WASHINGTON— The US Air Force awarded Sikorsky and Lockheed Martin a $1.3 billion contract Thursday for the Combat Rescue Helicopter program.

The deal for 112 Sikorsky Black Hawks, outfitted with Lockheed mission equipment, brings to a close a more than decade-long Air Force quest to purchase a replacement for its HH-60G combat search-and-rescue helicopters. The Sikorsky-Lockheed team was the only bidder in the competition.

The contract could be worth as much as $7.9 billion, the Air Force said in a statement.

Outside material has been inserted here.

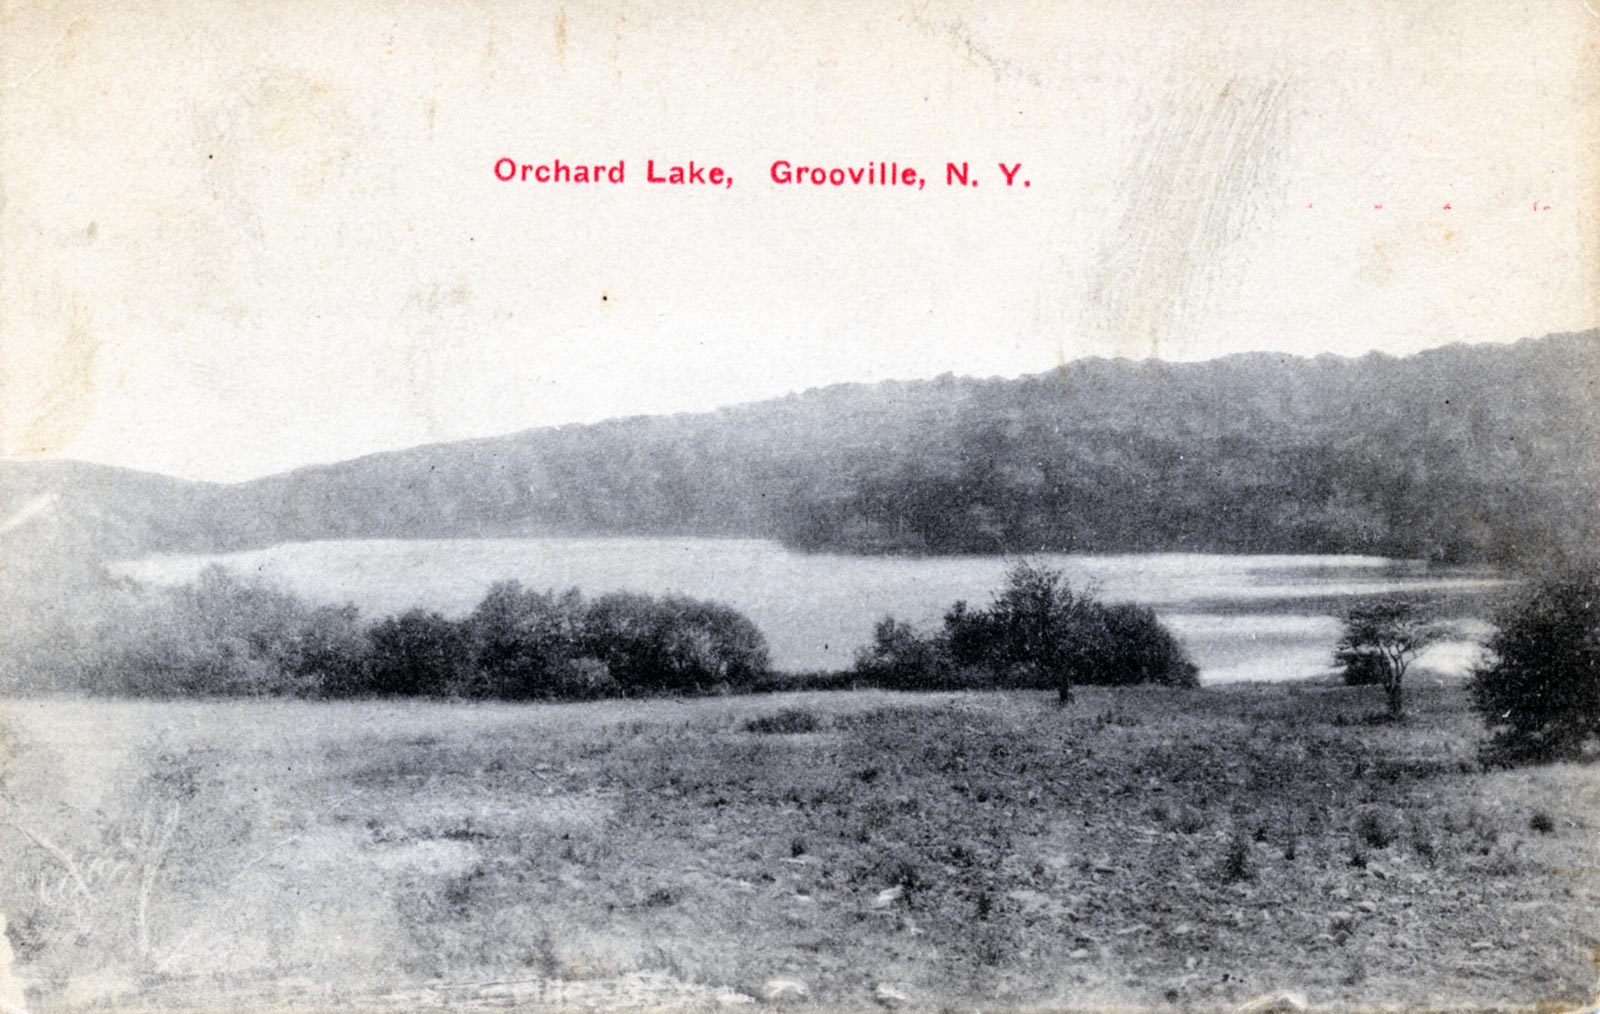 1916 postcard of Orchard Lake

The contract awarded Thursday includes funding for the first four aircraft.

Speaking at a Defense Writers Group breakfast last week, Air Force Secretary Deborah Lee James called the Sikorsky-Lockheed proposal “technically in good shape and was quite a bit below the cost analysis that the Pentagon felt was appropriate. So it appeared to be a very good deal for the taxpayer from a cost perspective.”

Gen. Mark Welsh, the Air Force chief of staff, in a statement said: “We are committed to ensuring our airmen are equipped to rescue America’s warriors whenever and wherever necessary. This contract secures that mission for many years to come.”

The aircraft will be built by Sikorsky in Connecticut and Lockheed will install the mission systems in upstate New York.

“We are honored that the Air Force has selected Sikorsky to develop and build the new Combat Rescue Helicopter,” Sikorsky President Mick Maurer said in a statement. “Since 1943, Sikorsky has proudly provided the combat rescue helicopter platform to enable the Air Force to perform one of its most important and sacred missions — bringing our downed service members home safely. I’m tremendously pleased that we will continue to do so for years to come.”

“The Combat Rescue Helicopter program will equip service men and women with modernized mission systems and special equipment for the combat rescue mission, which is essential to sustaining the United States Air Force’s core service function of personnel recovery,” Dale Bennett, executive vice president of Lockheed Martin's Mission Systems and Training, said in a statement. “We are proud to expand our long-standing relationship with the US Air Force and Sikorsky, providing a new aircraft system capable of performing the vital personnel recovery missions, including combat rescue and casualty evacuation.”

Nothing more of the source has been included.